-- Required action --
Print exactly the lines below between the line containing "今日建筑解读广州图书馆" and the line containing "Webdesign für den", counting both of those lines. Leave pictures out.

-- Materials provided --
►

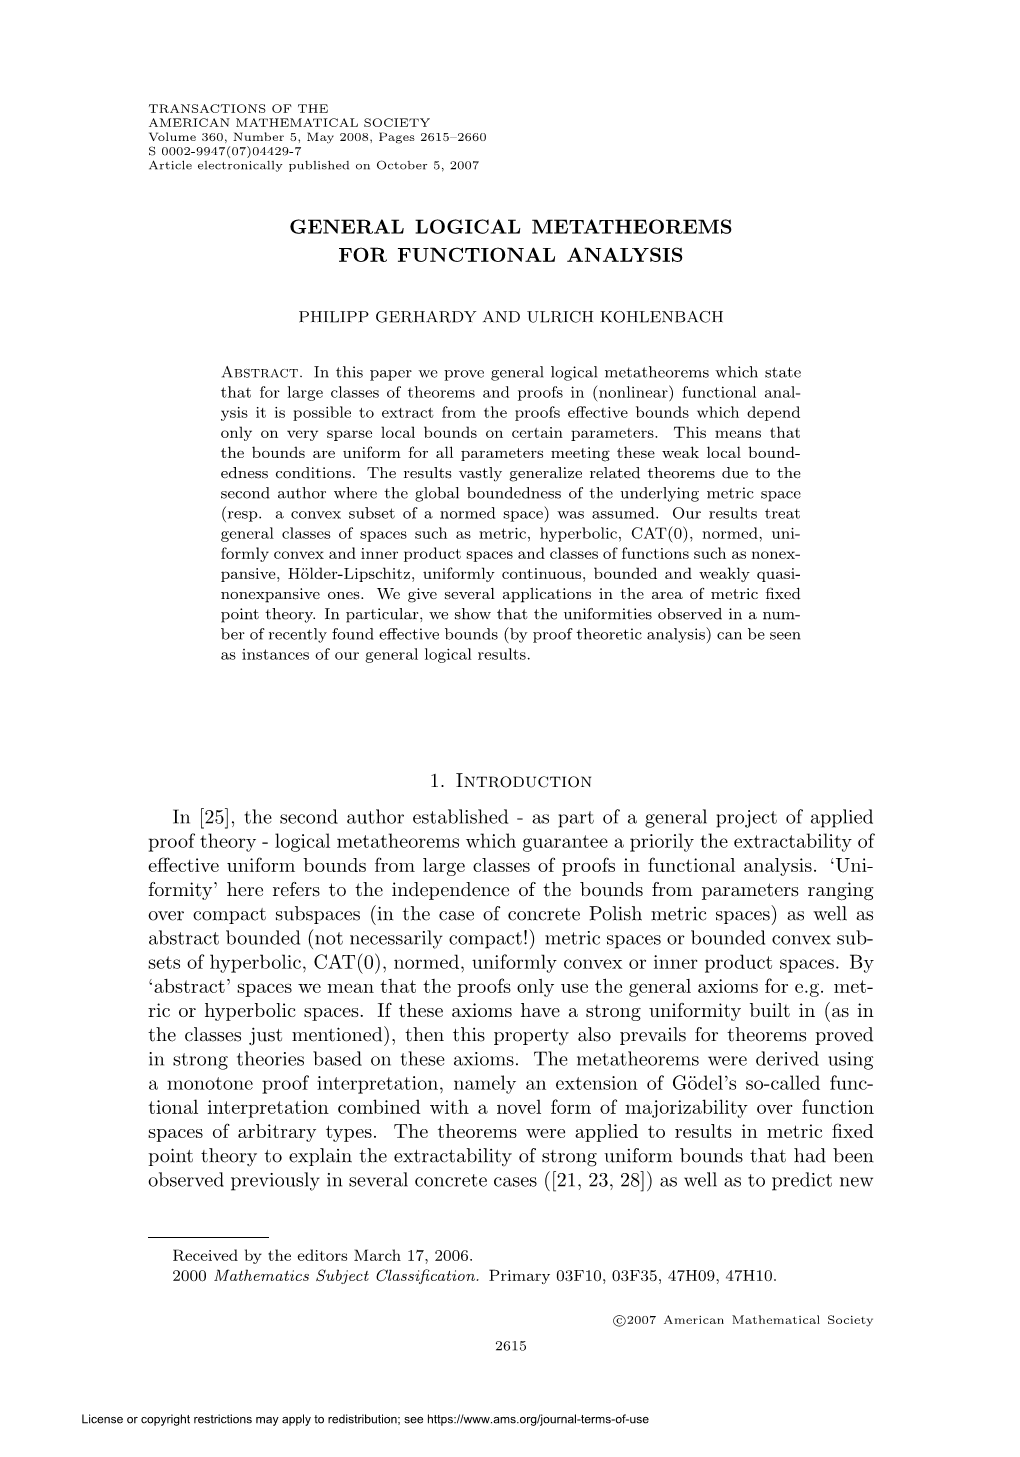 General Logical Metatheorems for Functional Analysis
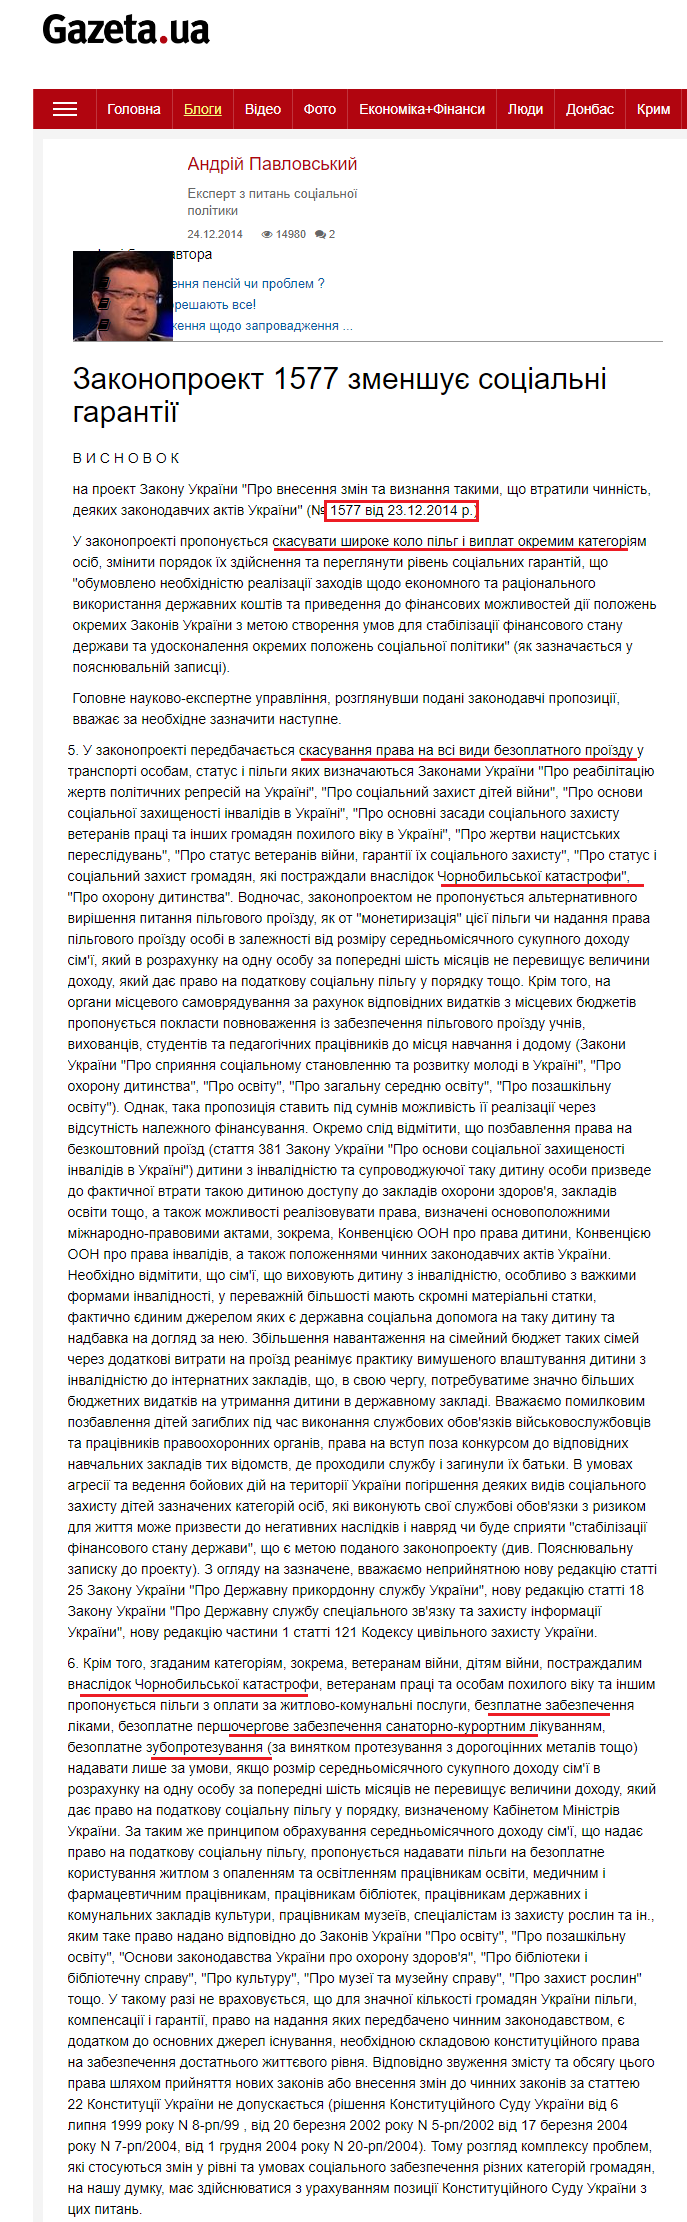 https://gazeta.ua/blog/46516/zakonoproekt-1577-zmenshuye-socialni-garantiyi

◄
►

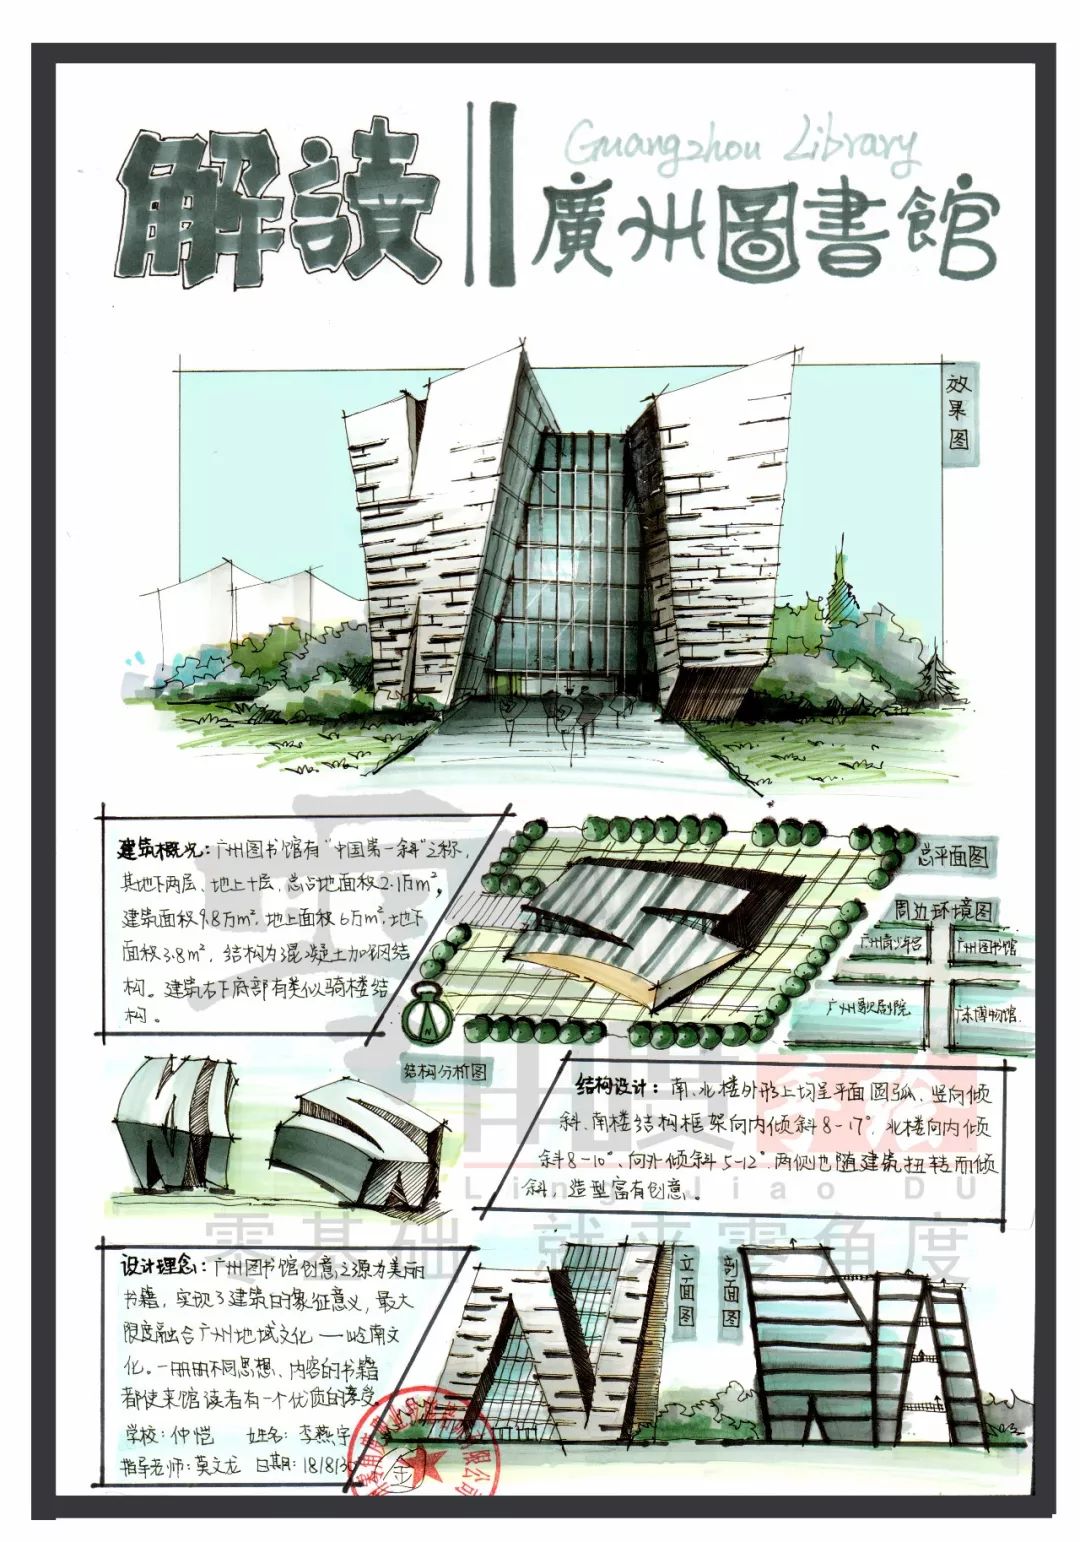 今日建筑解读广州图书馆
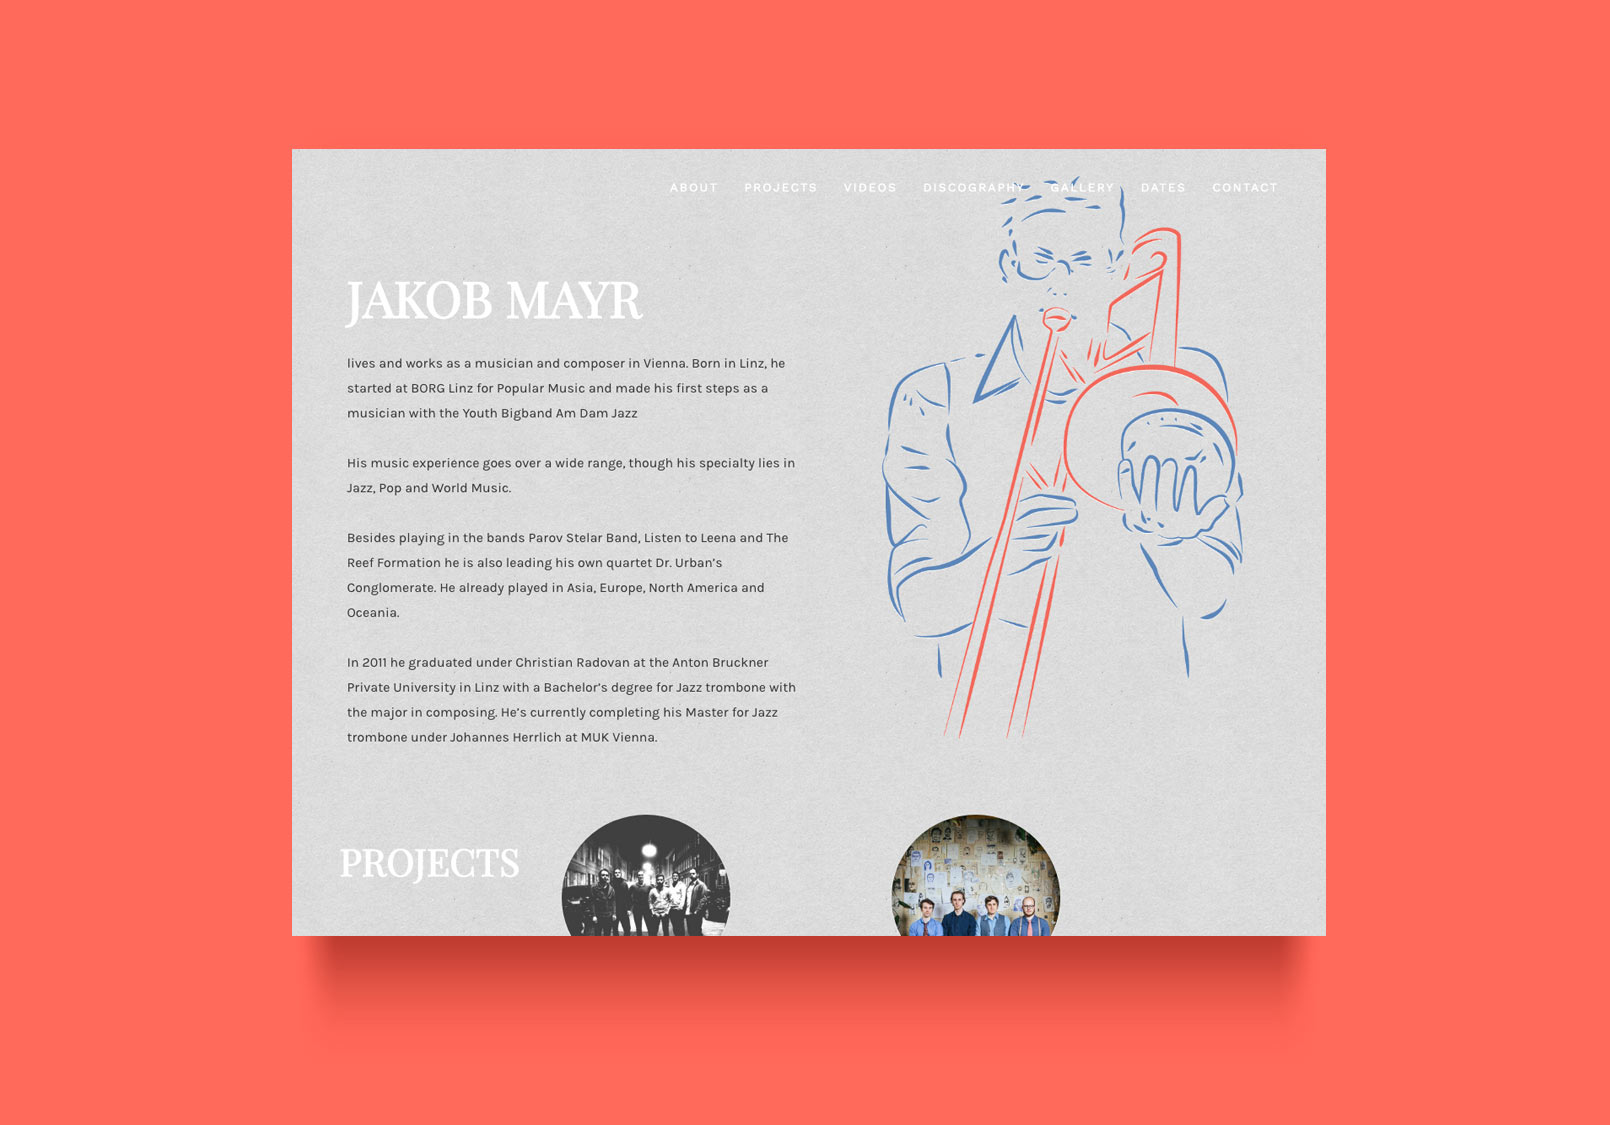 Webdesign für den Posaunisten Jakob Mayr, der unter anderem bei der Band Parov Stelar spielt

◄

-- Result --
 今日建筑解读广州图书馆
 Webdesign für den Posaunisten Jakob Mayr, der unter anderem bei der Band Parov Stelar spielt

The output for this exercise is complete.